DATA PROVIDED
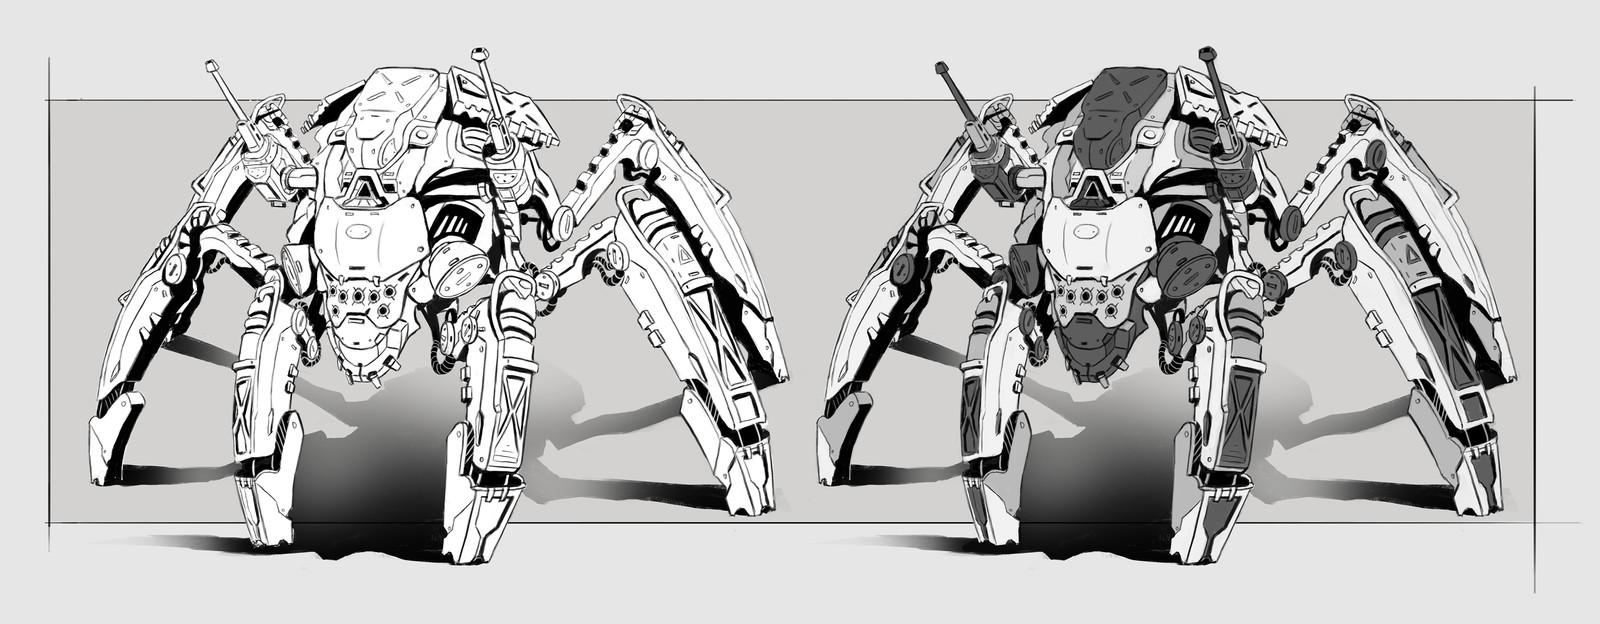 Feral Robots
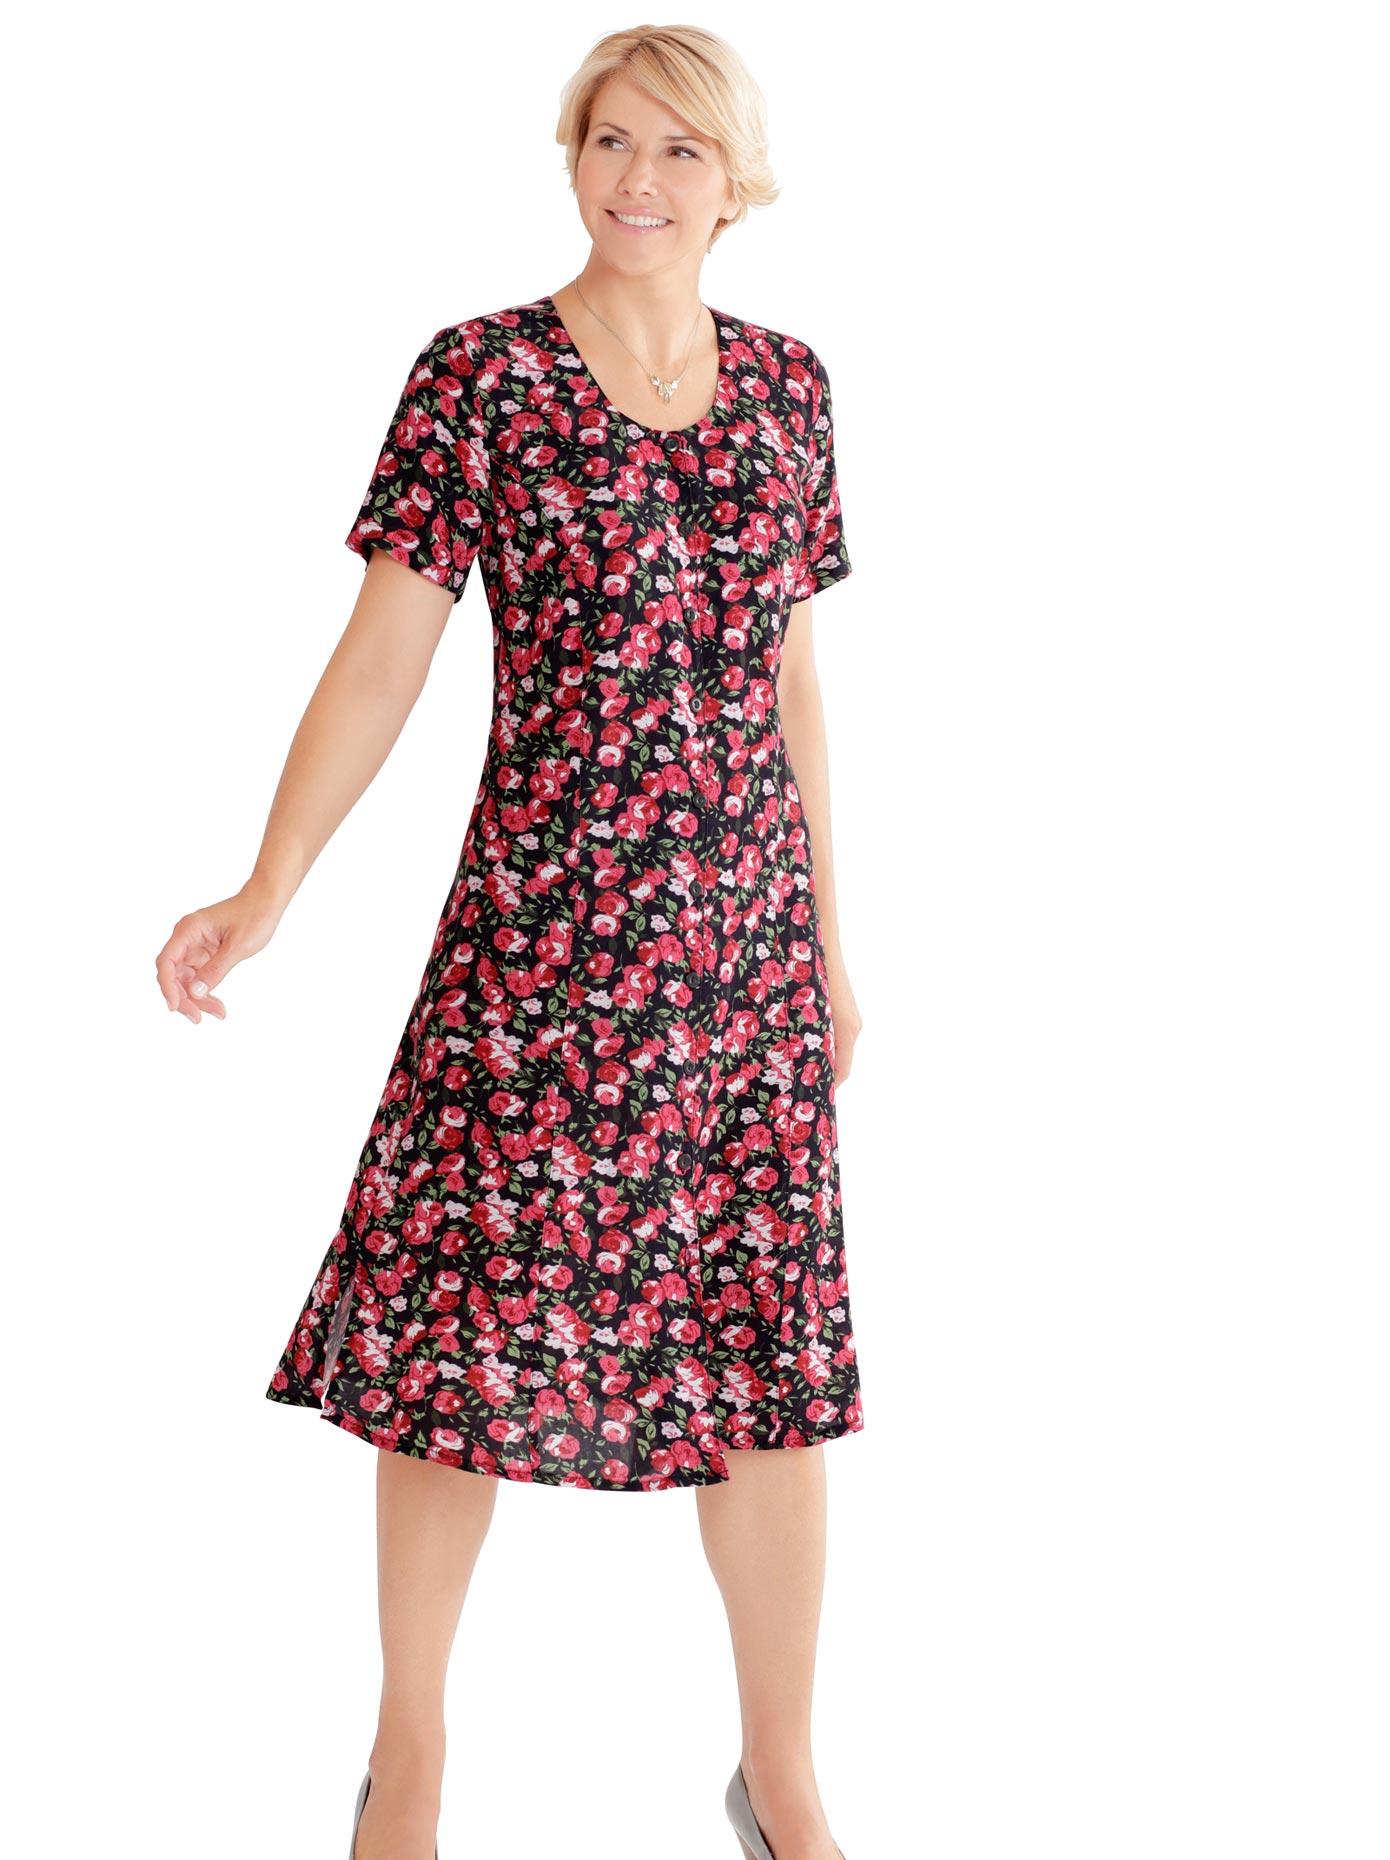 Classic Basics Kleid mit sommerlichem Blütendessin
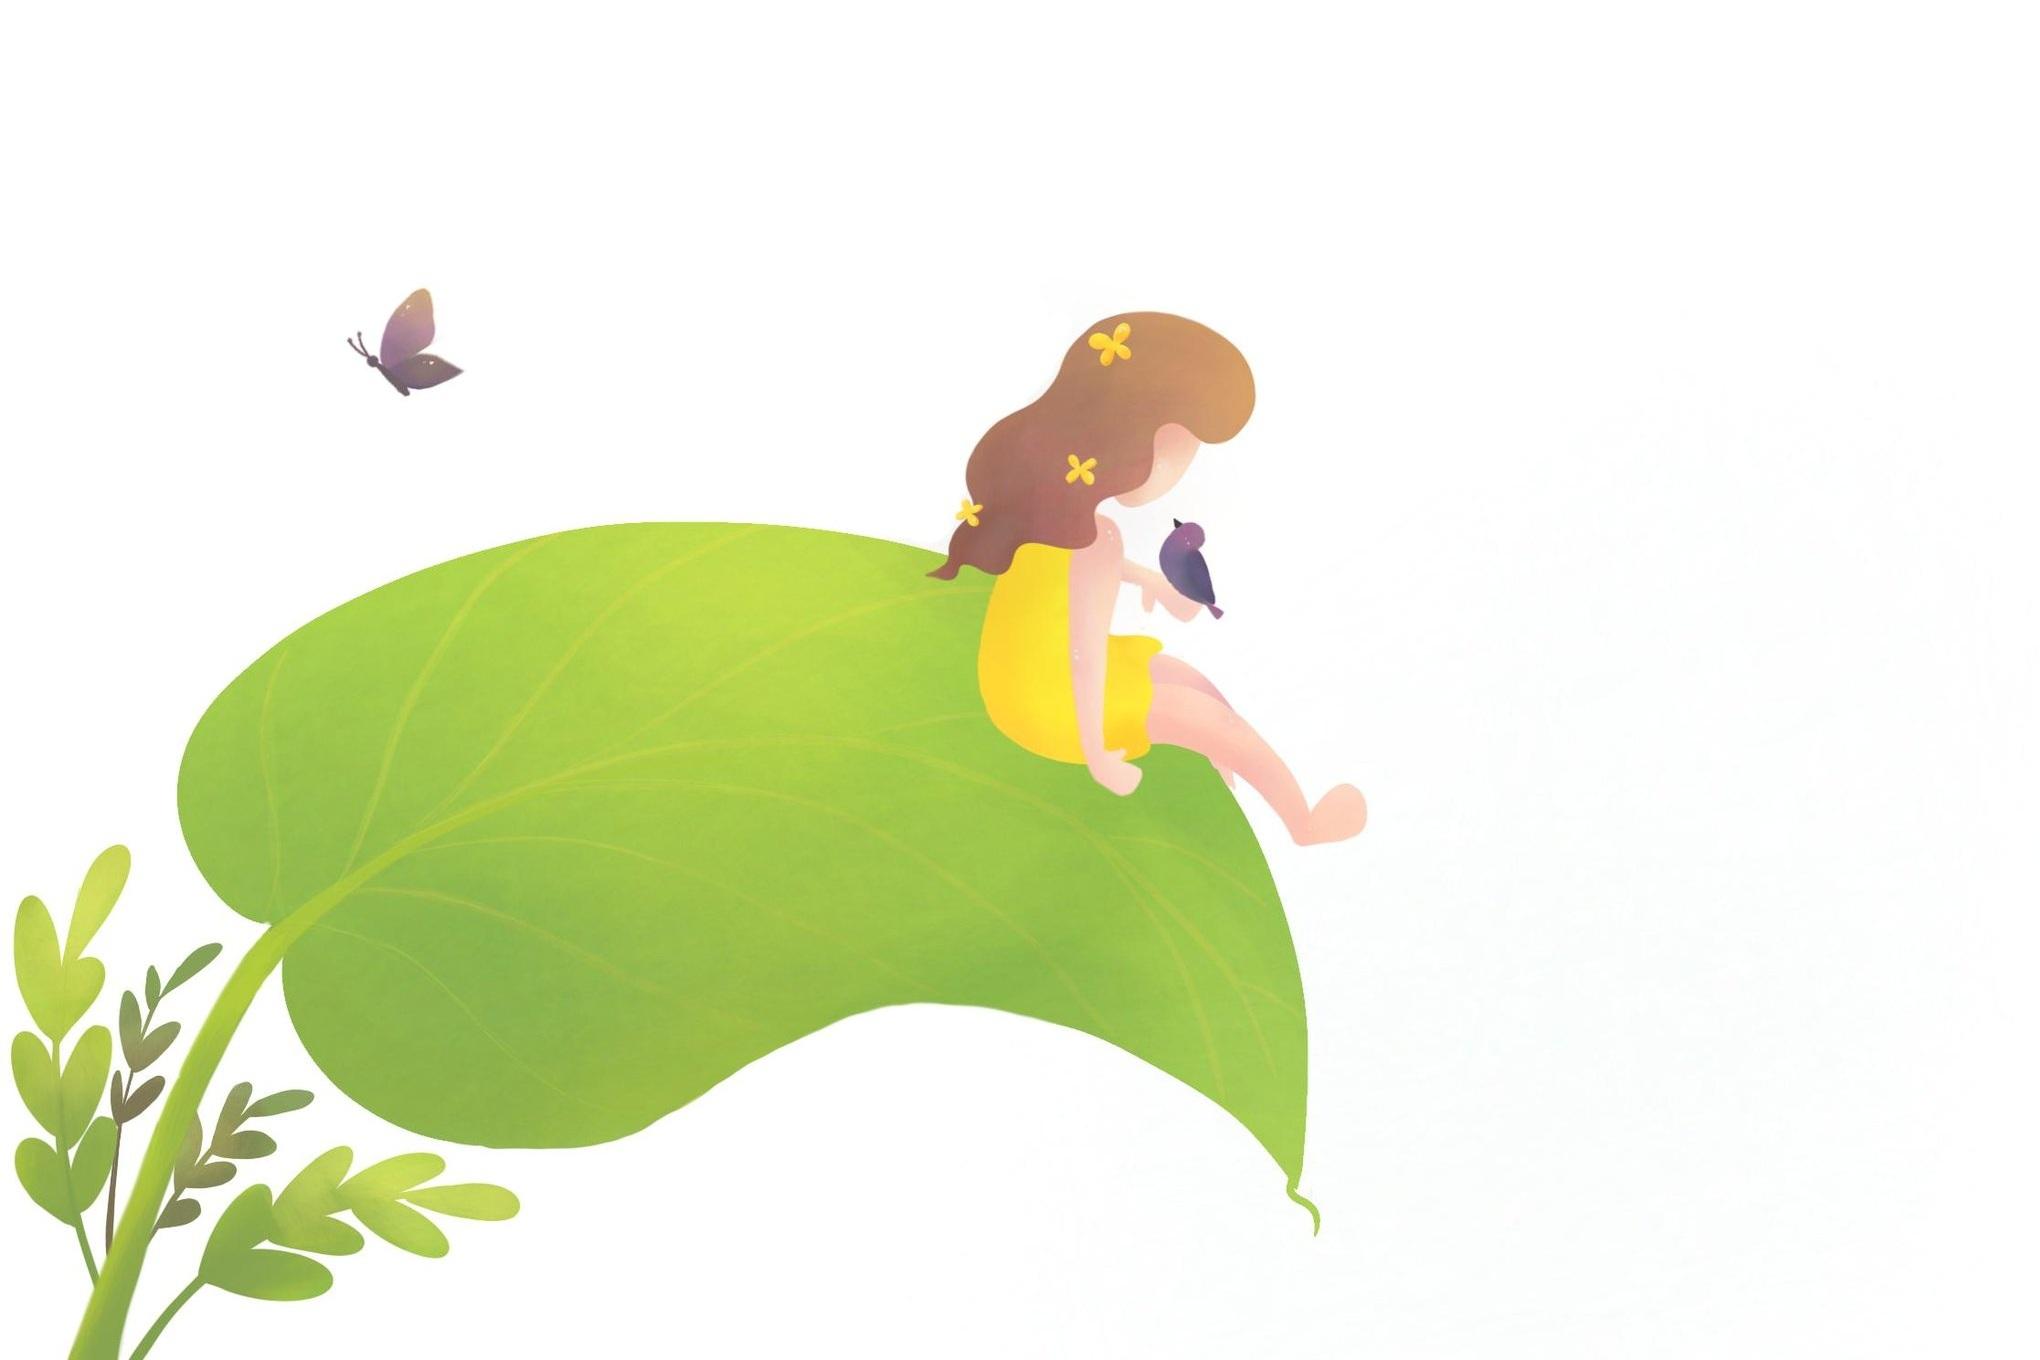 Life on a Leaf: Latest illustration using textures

WORK TASK
Print the material above exactly as it appears, but not its pictures.

RESPONSE TO THE TASK
 Feral Robots
 Classic Basics Kleid mit sommerlichem Blütendessin
 Life on a Leaf: Latest illustration using textures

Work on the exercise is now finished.